The hardest part of the travel life isn’t going to new, unfamiliar places, it’s leaving those you know best.
“The romantic- that was what I wanted. I hungered for the romance of the sea, and foreign ports, and foreign smiles. I wanted to follow the prow of a ship, any ship, and sail away, perhaps to China, perhaps to Spain, perhaps to the South Sea Isles, there to do nothing all day but lie on a surf-swept beach and fling monkeys at the coconuts.”
“Let those who wish have their respectability- I wanted freedom, freedom to indulge in whatever caprice struck my fancy, freedom to search in the farthermost corners of the earth for the beautiful, the joyous, and the romantic.”
I would read these Halliburton quotes when I was young and believe in them unquestioningly. “Yeah, that’s the life I’m going to live,” I’d pretty much say to myself. When I did start living this life I would read quotes like these whenever the road would get lonely or burdensome or mundane, whenever I needed to give myself a little pep talk to slip my boots back on, shoulder my pack, and head on to the next town. Though a rather adolescent maneuver, it worked. I would read these quotes and say, “Yeah, that’s right, there is an entire world before me today, and something is going to happen.” I would then go out, go somewhere, and make something happen.
The thought of traveling somewhere new revs up some well worn, domineering neuron circuit in my mind that boils over in a prolonged burst of electric impulses.

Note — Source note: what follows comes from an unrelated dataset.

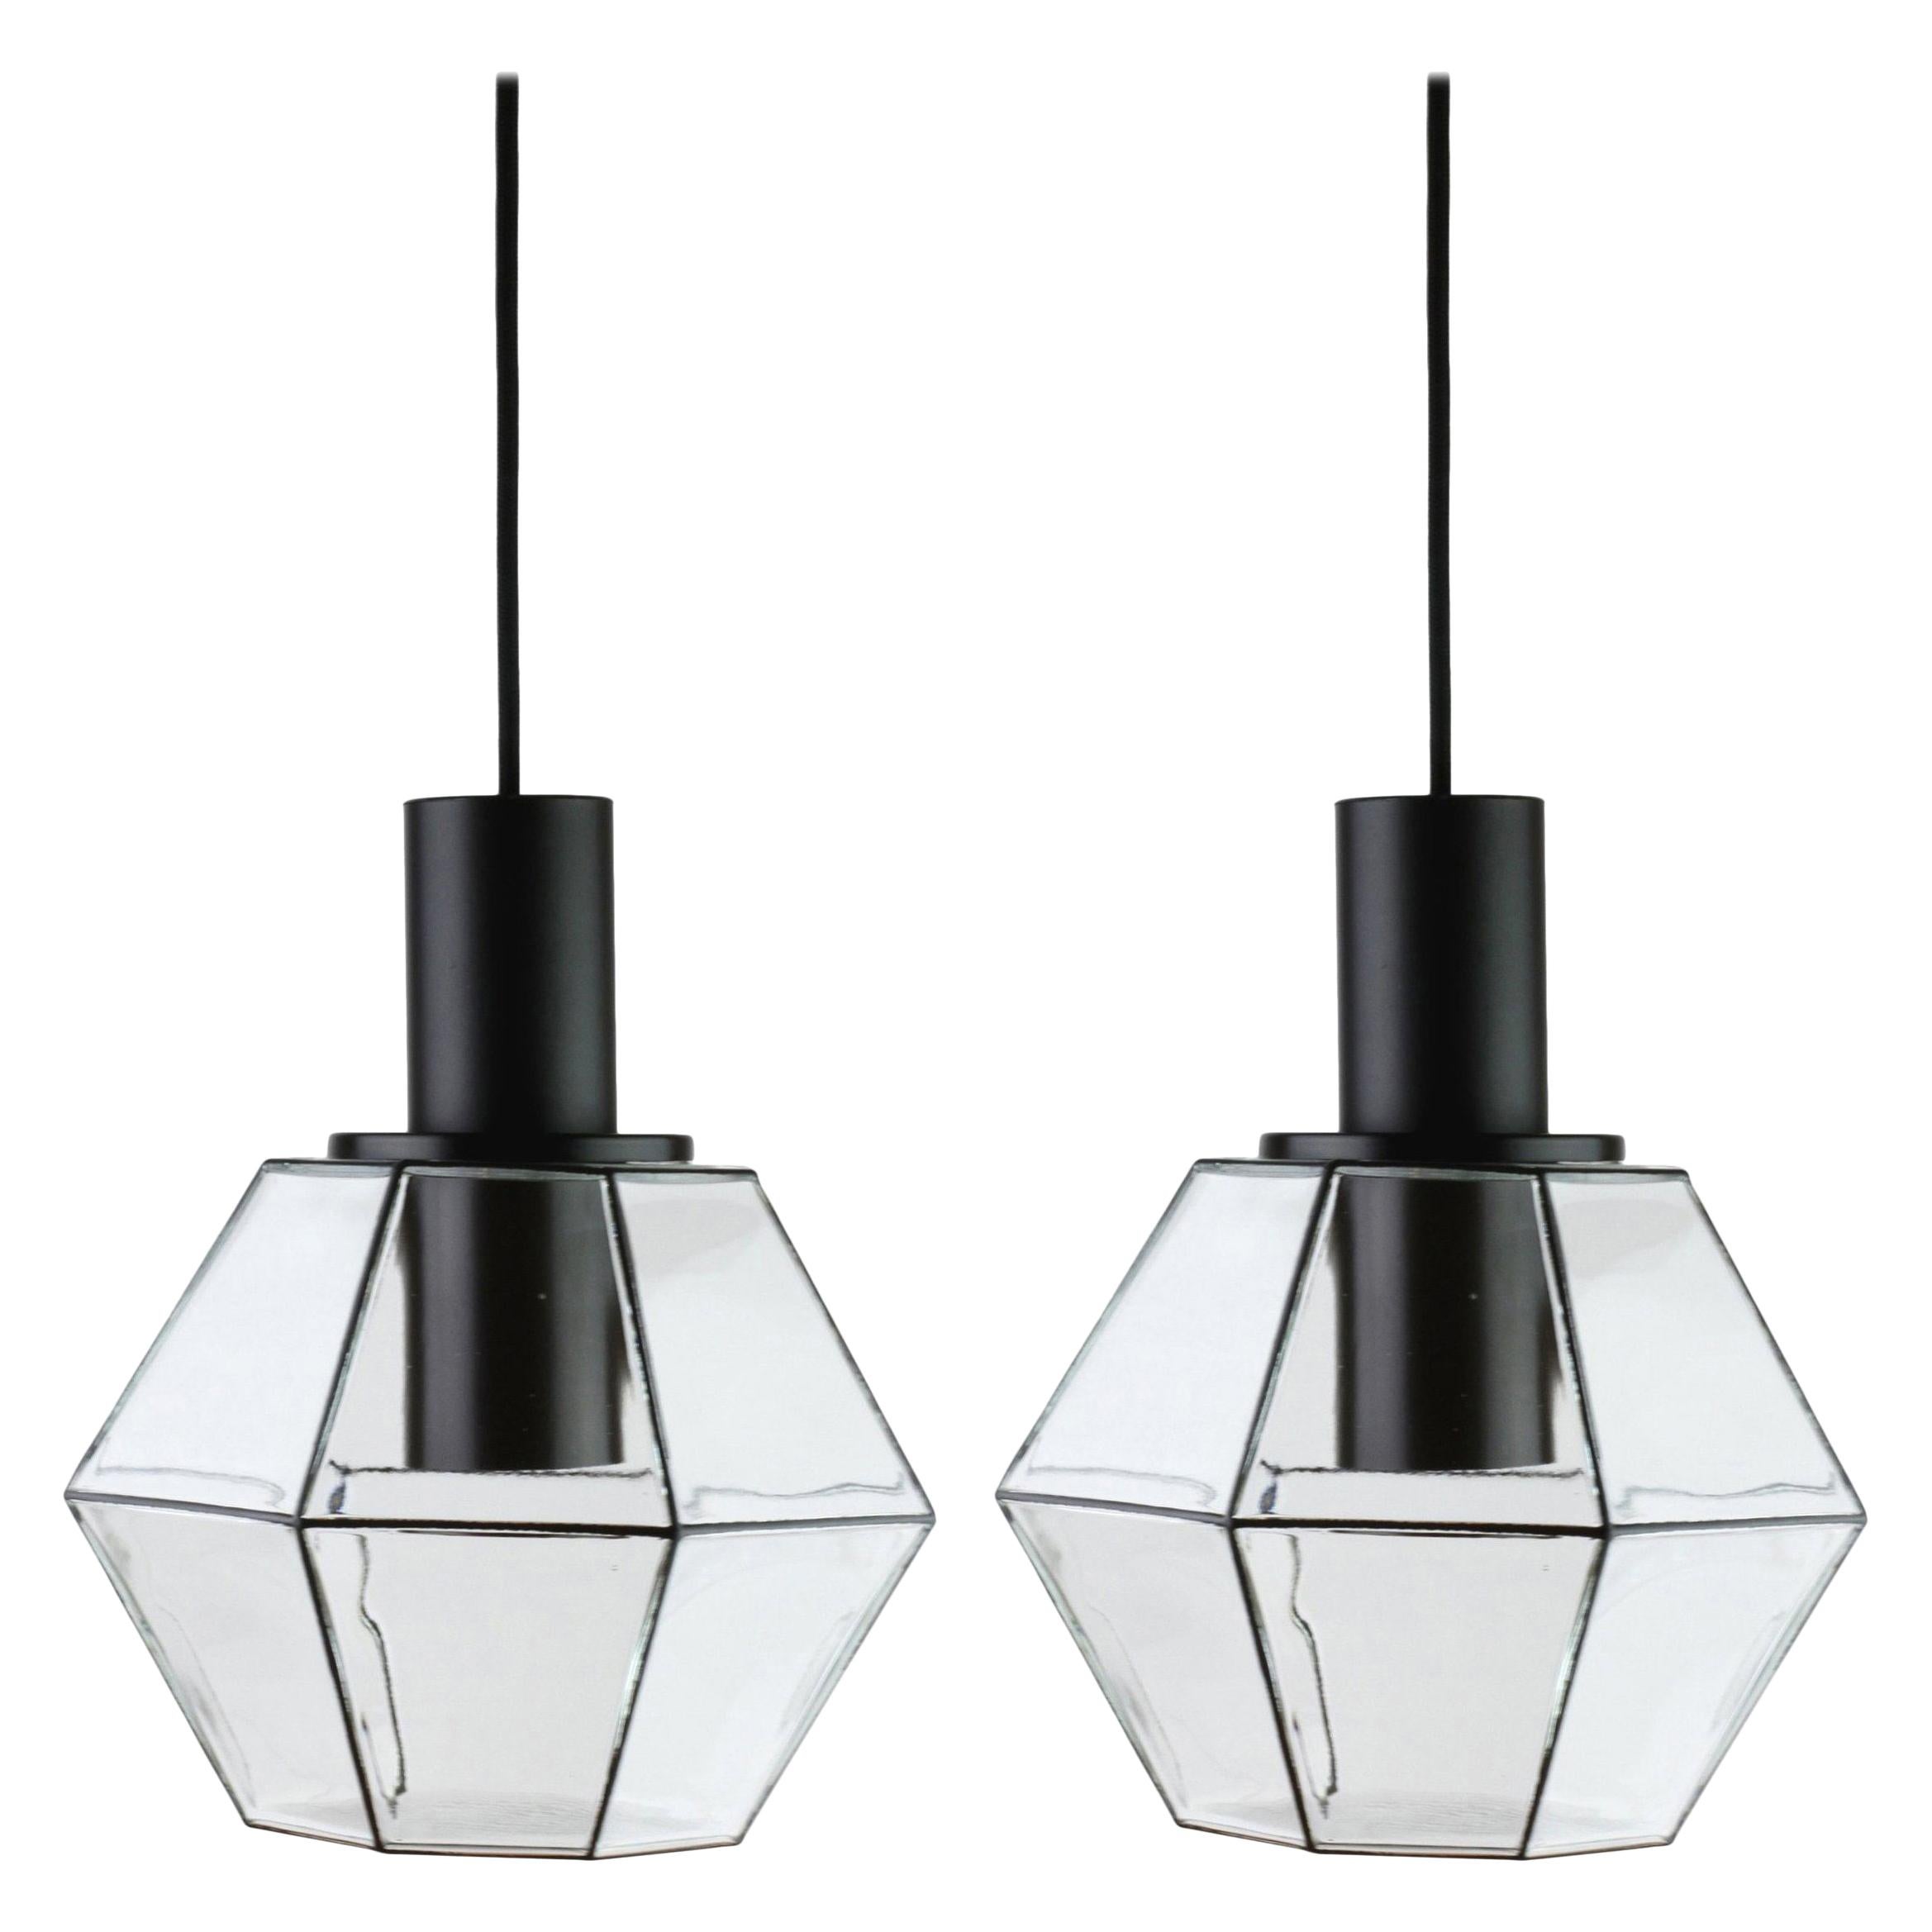 Limburg Pair of Vintage Minimalist Geometric Black & Clear Glass Pendant Lights

Looking at a map sends this tingling sensation down through my limbs, and triggers a feeling that I can only simply interpret as “good.” Maybe alcoholics get this feeling holding up their first glass of the day, perhaps drug addicts feel this way when clutching a newly purchased bag of dope. I don’t believe my affliction can be classified as an addiction, but it is what keeps my mind stimulated, it is what I obsess over each day, it’s something that I will give up almost everything else to keep doing.

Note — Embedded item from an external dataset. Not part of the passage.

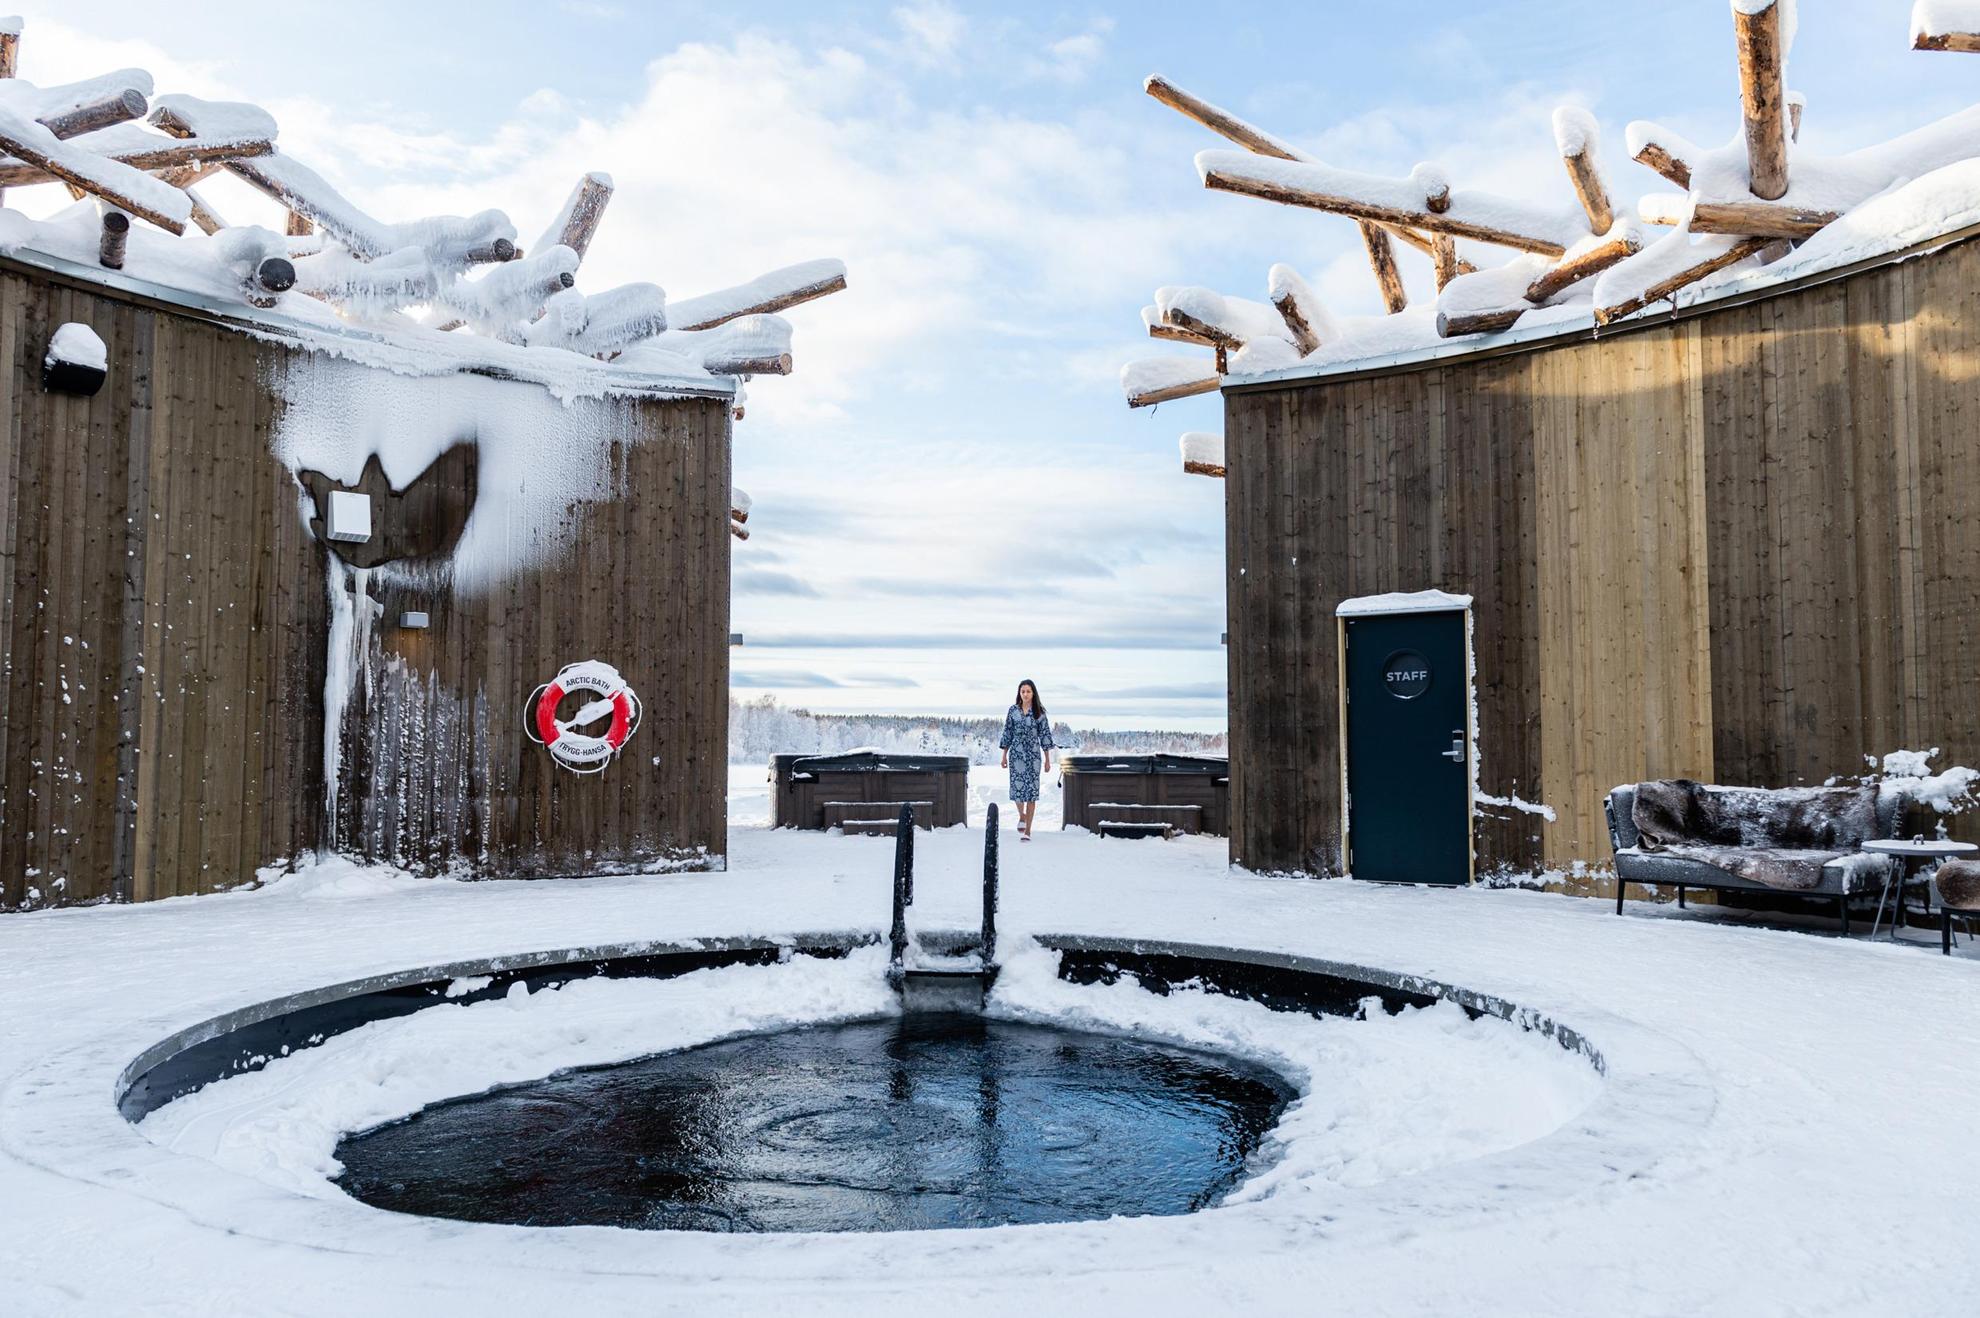 Eine Frau geht auf ein offenes Bad im Schnee zu, das von einem Holzgebäude umgeben ist.

At the onset of this affliction I could only see what was in front of me. I only saw the romance, the mischief, the open roads. Now, 15 years in and I am beginning to understand what I’ve left behind, what I’ve really sacrificed to get to where I am.
Time is the traveler’s currency. Time buys experiences, it buys places, it buys memories, it buys lessons, knowledge, and wisdom. Travelers’ conversations revolve around time: How much time were you there for? How long have you been traveling? How many hours did it take to get there? How long did you have to save to afford this trip? I’ve been wanting to go there forever! How much time do you have before you go home? Time is what we revel in. It’s what we deal in. Decisions in travel are often decisions in time economics: where and how we spend our precious hours, minutes, and seconds . . .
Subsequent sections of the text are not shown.